Awesome, let’s get your stuff in the van,” Reed said. “Then you guys can go in and suit up.” Reed had long, light brown hair, pulled back into a ponytail, and brown eyes. They both wore orange Pare baseball style caps.


Suiting up” consisted of wetsuits on top of Nike Dri Fit synthetic long underwear. Over that, easy dry t-shirts and pants with Gore-Tex jackets. Arizona weather in May could be tricky—hot afternoons and cold nights were the norm, so we were ready for everything.

The four of us piled into the van and drove to Lees Ferry, which gave us access to the Colorado River. Jake chose the fifteen foot paddle rafts so we’d have a more “hands on experience” which meant we rowed too—or he did. As for me, I held on to the ropes for dear life. We launched into the still, calm waters and let loose from the shore.
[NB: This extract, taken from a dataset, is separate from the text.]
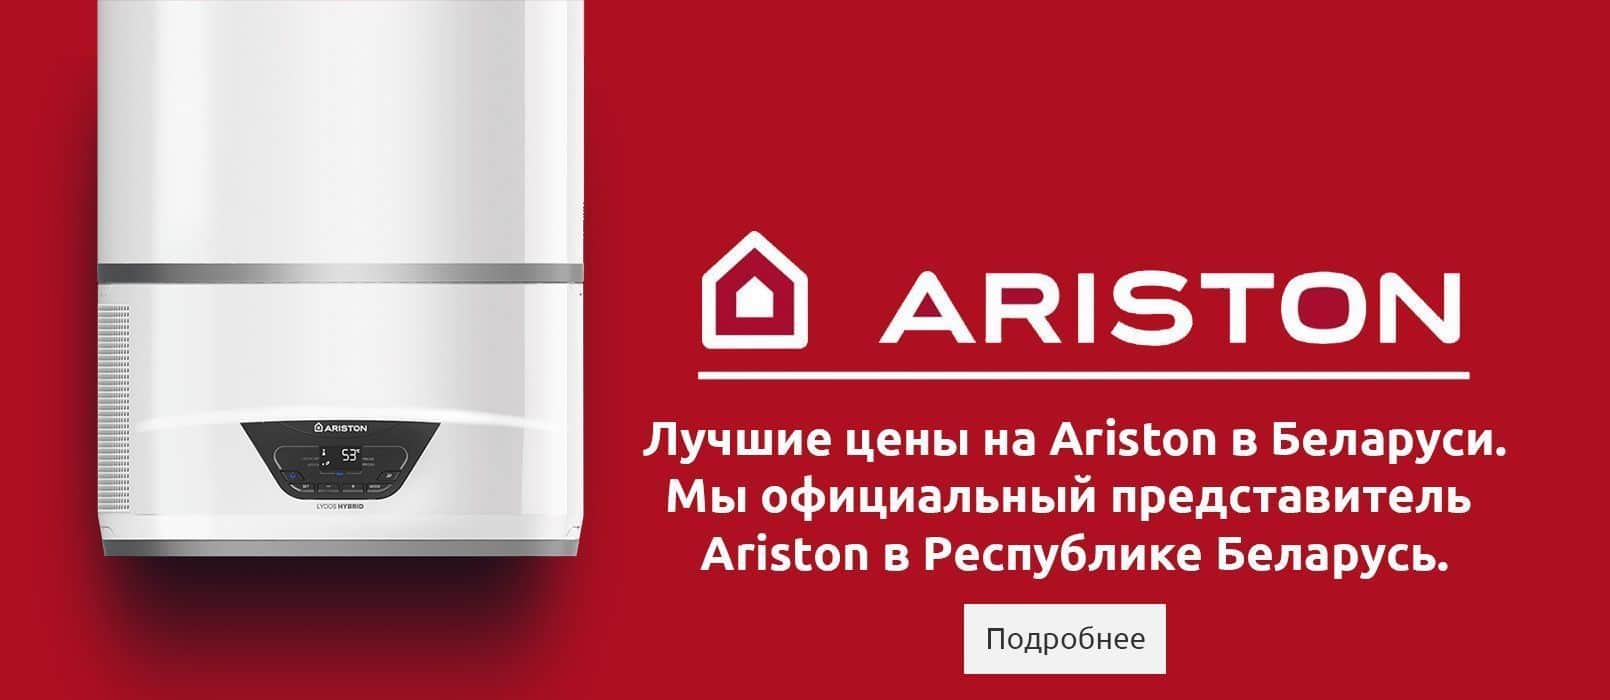 Аристон сервисный ariston help. Ariston водонагреватель reklama banner. Реклама Аристон. Котлы Аристон реклама. Ariston водонагреватели реклама.

Soon enough we were slipping between the canyon walls with the Kaibab Plateau rising over 9,000 feet above us.


Well, kids,” Skye, who wasn’t much older than Jake, said, “welcome to Marble Canyon. This is the corridor that makes up the first 65 miles of the Grand Canyon and these rock layers are over 1.7 billion years old.”

Every now and again they threw out random facts they thought we might like to know. What words were there to describe our thoughts, to process the immense beauty and sheer awesomeness of the Grand Canyon? The orange, cream and red hues of the canyon walls cradled us as we passed through them. They were so old and had withstood Mother Nature and everything man had thrown at them so far, and there the canyon stood, as powerful as ever.

Reed manned the back of the raft while Skye was up front. Jake was right behind me in the middle. We lifted out our oars to just hold on and take a breath. I leaned back against Jake. Somehow I felt like everything we’d been through had made us even stronger.

An edging of green plants and colorful wildflowers twisted along the banks on both sides. Slow-paced muddy waters drifted into white water spray and rough rapids. As we entered them we all came alive. Every nerve sang with the thrill of the surging water as our raft dipped and spiked and the cold waters cascaded over us. Each muscle pumped as we tested and proved our own strength and fortitude. When we got to the sweet spot we all screamed and shouted from the extreme pleasure. There was nothing like it!